I have the same code in method Output()
in both classes Hour
and Day
.
Is there way to avoid it to change code in one place instead of two?
class Program
{
static void Main(string[] args)
{
Hour hour = new Hour("20150715 080000");
Day day = new Day(hour);
Console.WriteLine(String.Format("Hour: {0}", hour.Output()));
Console.WriteLine(String.Format("Day: {0}", day.Output()));
}
}
public interface IMoment
{
string OutputMoment();
}
class Hour : IMoment
{
public string Date;
public string Time;
public Hour (string s)
{
string[] parts = s.Split(';');
this.Date = parts[0];
this.Time = parts[1];
}
public string Output()
{
return Date + " " + Time;
}
}
class Day : IMoment
{
public string Date;
public string Time;
public Day(Hour hour)
{
this.Date = hour.Date;
this.Time = hour.Time;
}
public string Output()
{
return Date + " " + Time;
}
}
Don't make the mistake of creating a base class to share that method.
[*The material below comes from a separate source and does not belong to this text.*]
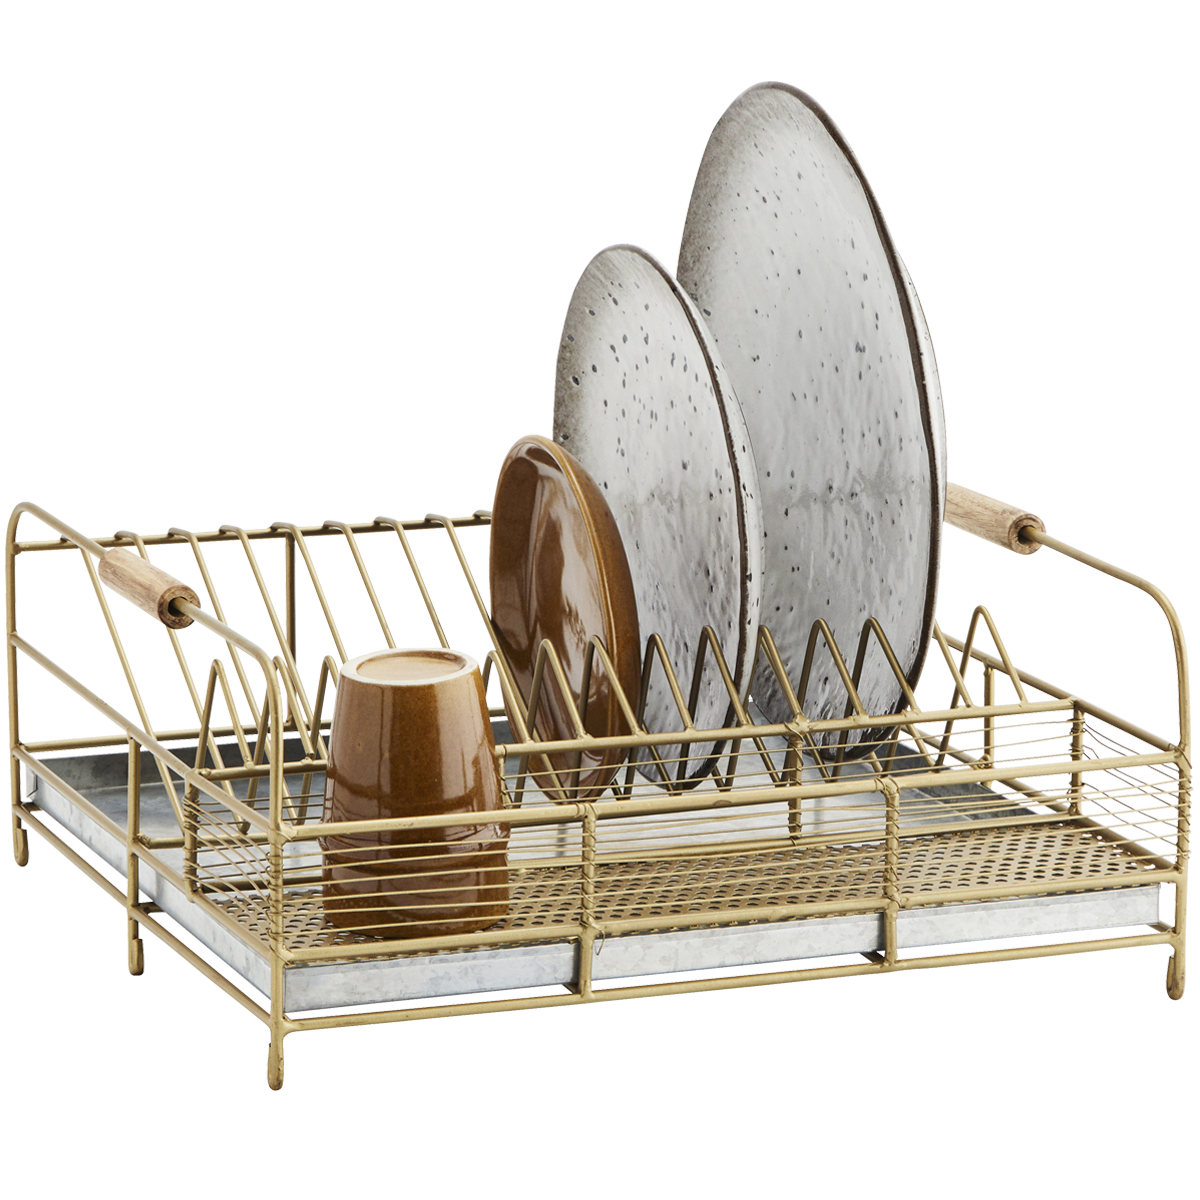 Iron dish rack
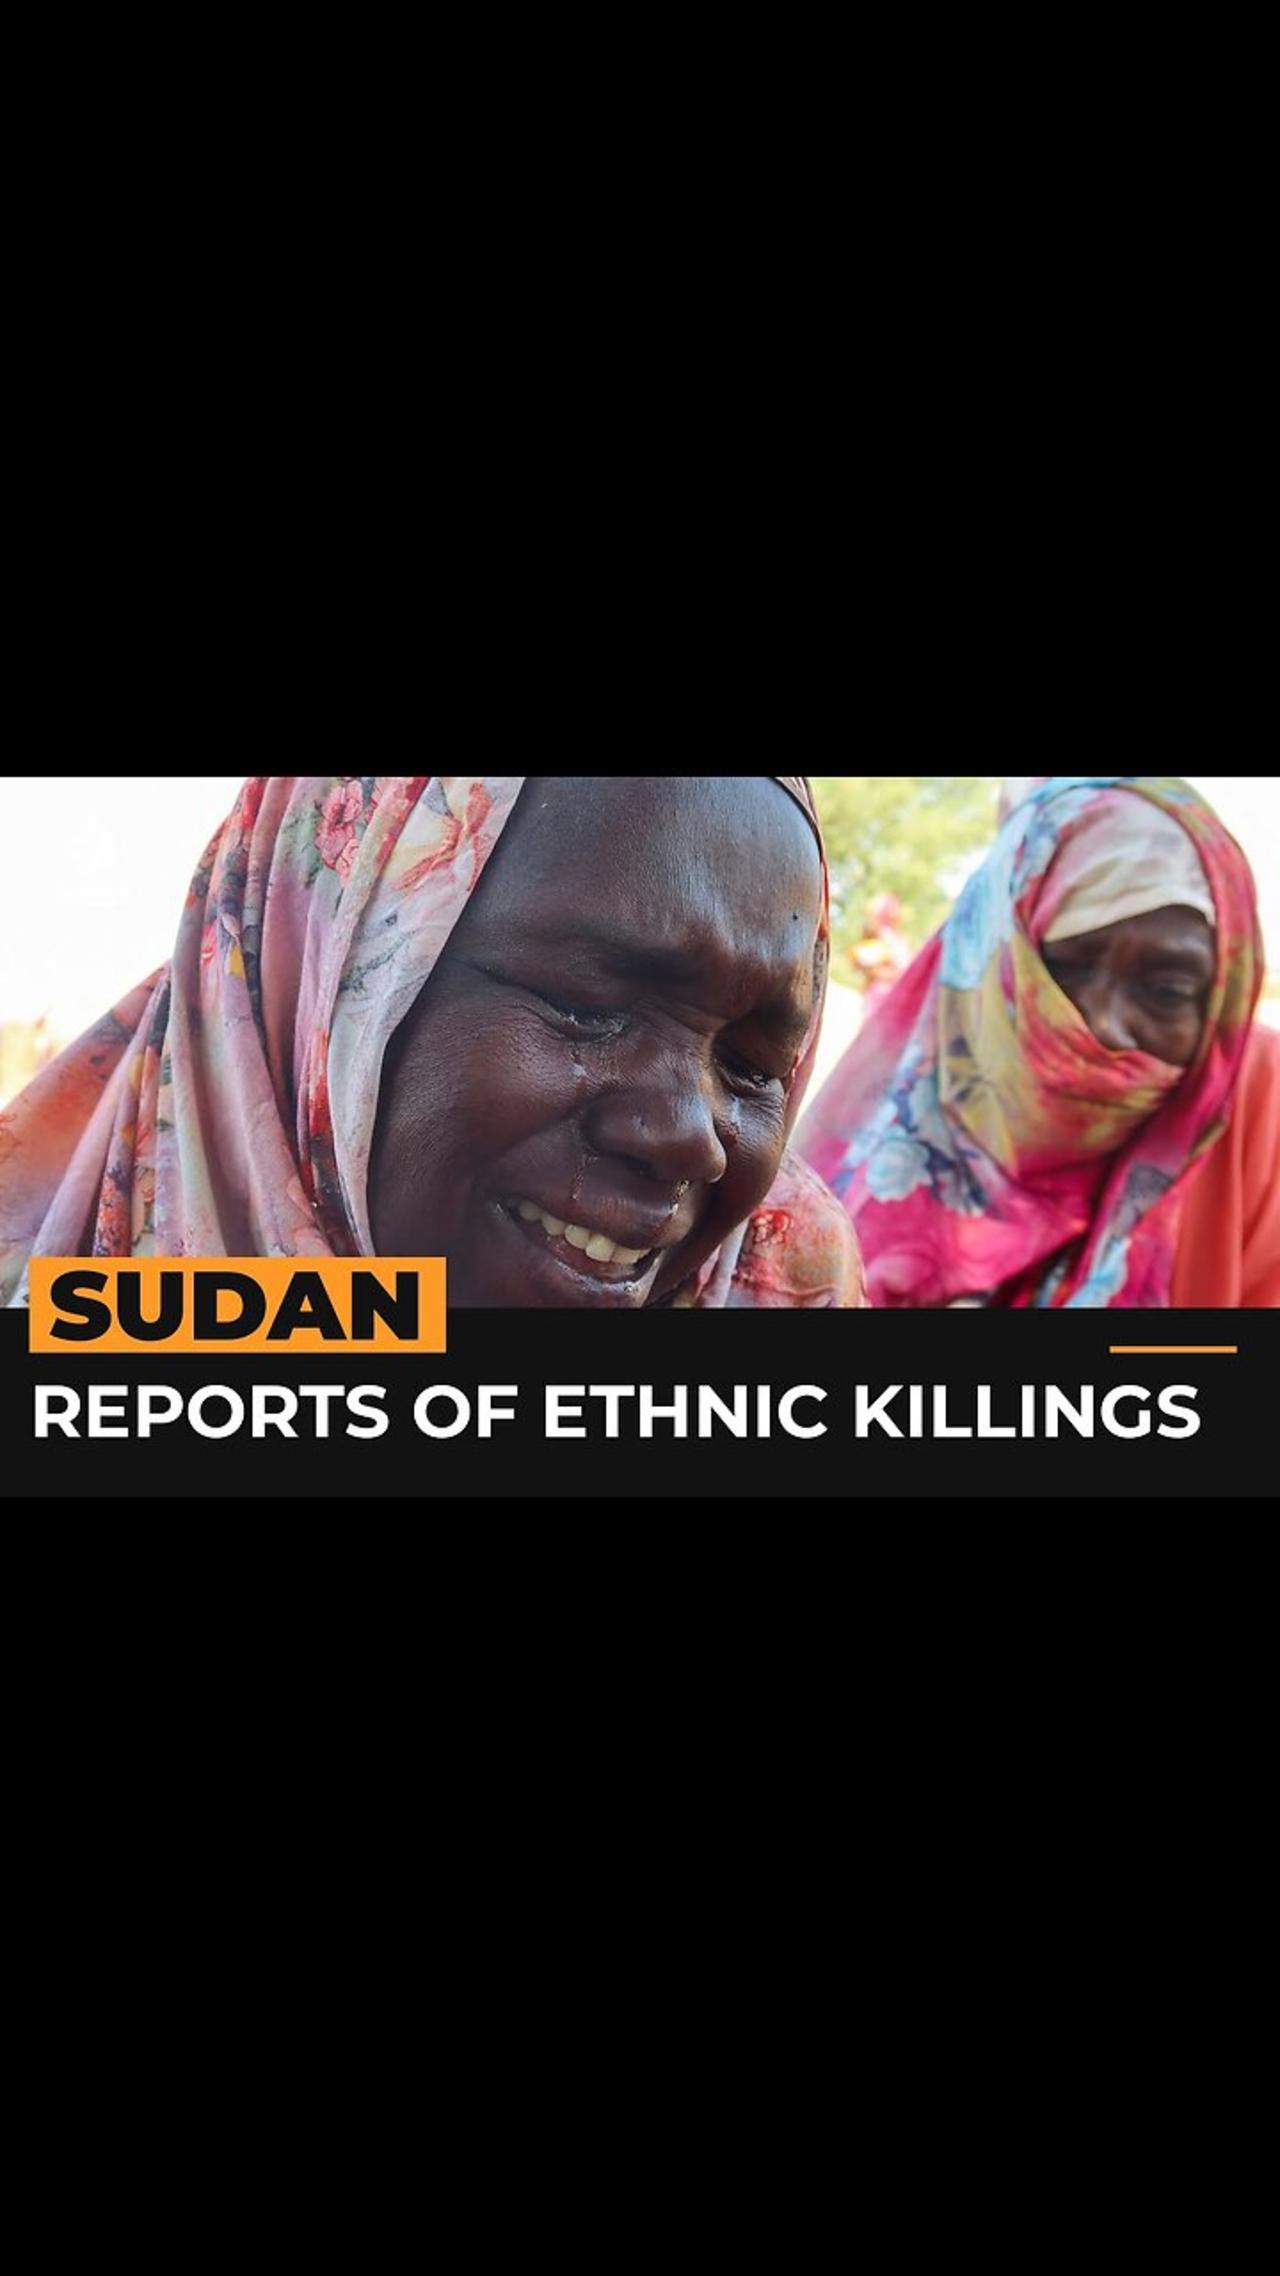 Sudan's Darfur refugees report ethnically driven killings by RSF | Al Jazeera Newsfeed

That's a common misuse of inheritance. This technique breaks down in general and you introduce a meaningless class into the public interface of your class. Inheritance is not for code sharing. It's for "Liskov substitution".
Instead, create a static helper method, that takes both values as arguments and computes the result. This allows you to implement the formatting once. This is very easy to implement, works almost always and does not impact the public API of your classes. Don't fear the slightly larger syntax footprint. That's not a significant problem (most of the time).